TIMECOP shows signs that the authors thought about *having* rules and paradoxes, but not much about the rules and paradoxes themselves. The special rules include this concept that "the same object cannot occupy the same place at the same time." I think that the principle is that different objects cannot do that. But what generally happens there is that they rebound off each other. Technically speaking, the same object ALWAYS occupies the same place at the same time. Actually the rule as applied in the film seems to be that is a time traveler comes in contact with his previous self the two annihilated each other. But you have very little matter in common with yourself of ten years ago. Nearly all (or is it actually all?) of the living matter in your body from ten years ago has been replaced. Even if that was not true and there was some point on the surface that had not changed, you would have to get those two points to come in contact. It would not suffice that your left hand from 1994 and your right shoulder from 2004 came in contact. This whole rule of annihilation is more a plot contrivance than having anything much to do with logic. It is like having vampires killed by sunlight.

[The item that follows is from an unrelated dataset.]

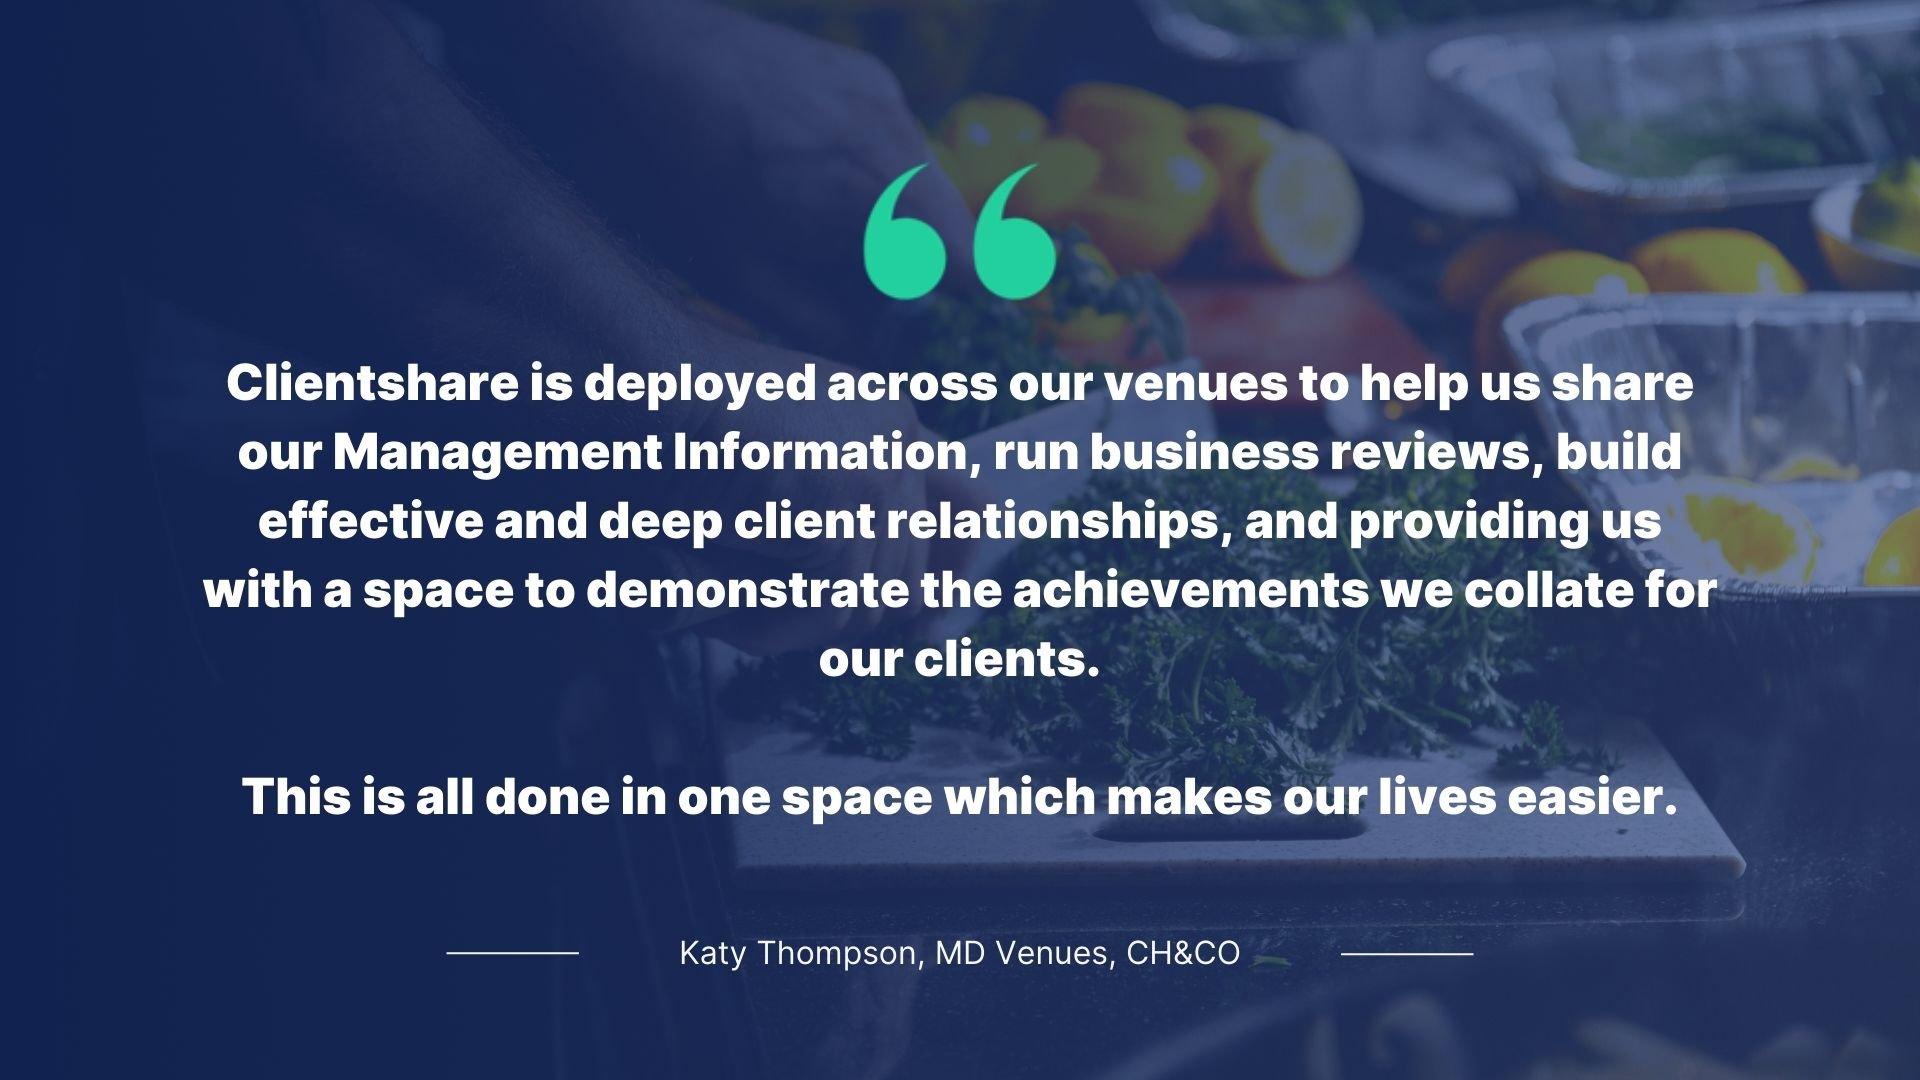 Quote by Katy Thompson, MD Venues, CH&CO: Clientshare is deployed across our venues to help us share our Management Information, run business reviews, build effective and deep client relationships, and providing us with a space to demonstarte the achievements we collate for our clients.  Thi sis all done in one space which makes our lives easier.
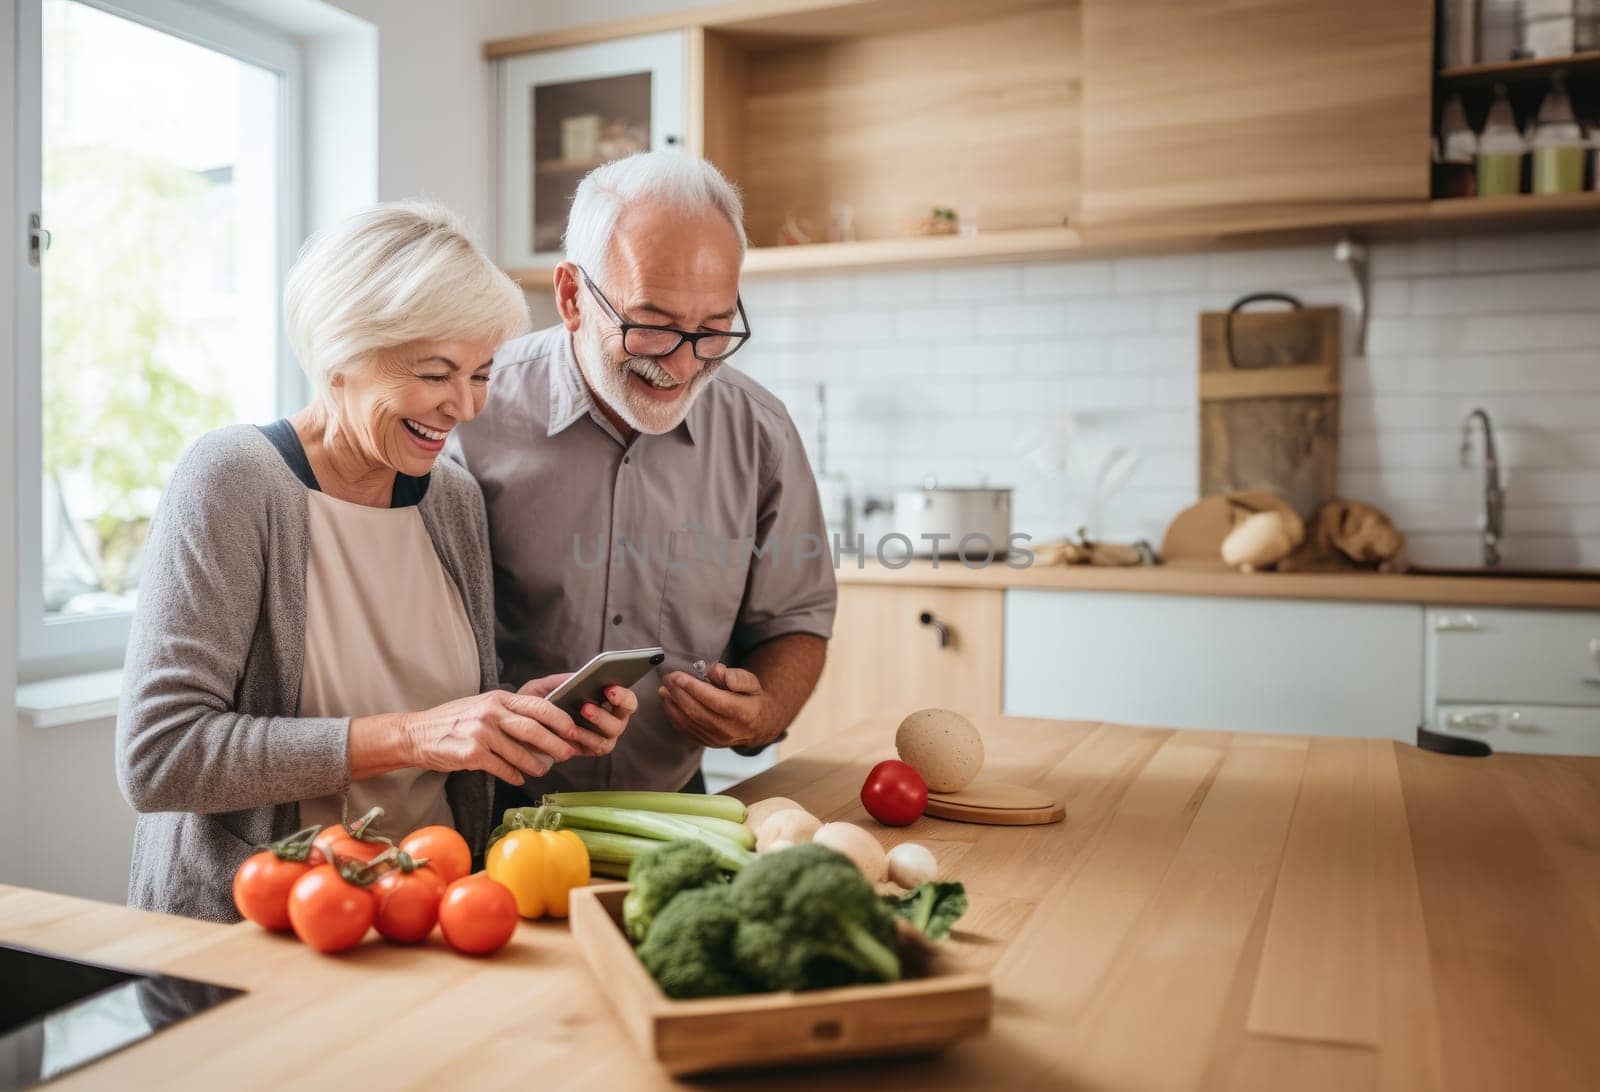 Heartwarming moment of shared happiness, an elderly married couple delights in cooking together, showcasing the enduring joy of companionship and culinary collaboration

Mike Richardson and Mark Verheiden don't actually seem to understand what makes time paradoxes work. In the film Fielding@2004 (if I may coin a notation) is killed in 1994. Back in 2004 there is no sign that Fielding lived that last decade from 1994 to 2004. That would be true if Fielding@1994 had been killed, but there seems not to make sense as a result of Fielding@2004 being killed. At the end of the film Walker has nullified his whole reason to have gone to 1994 and nobody remembers that he went. But he obviously is returning from some place. Where do people think he is returning from? And while I am asking questions, how do you carbon-date gold? And what does it even mean to carbon-date gold?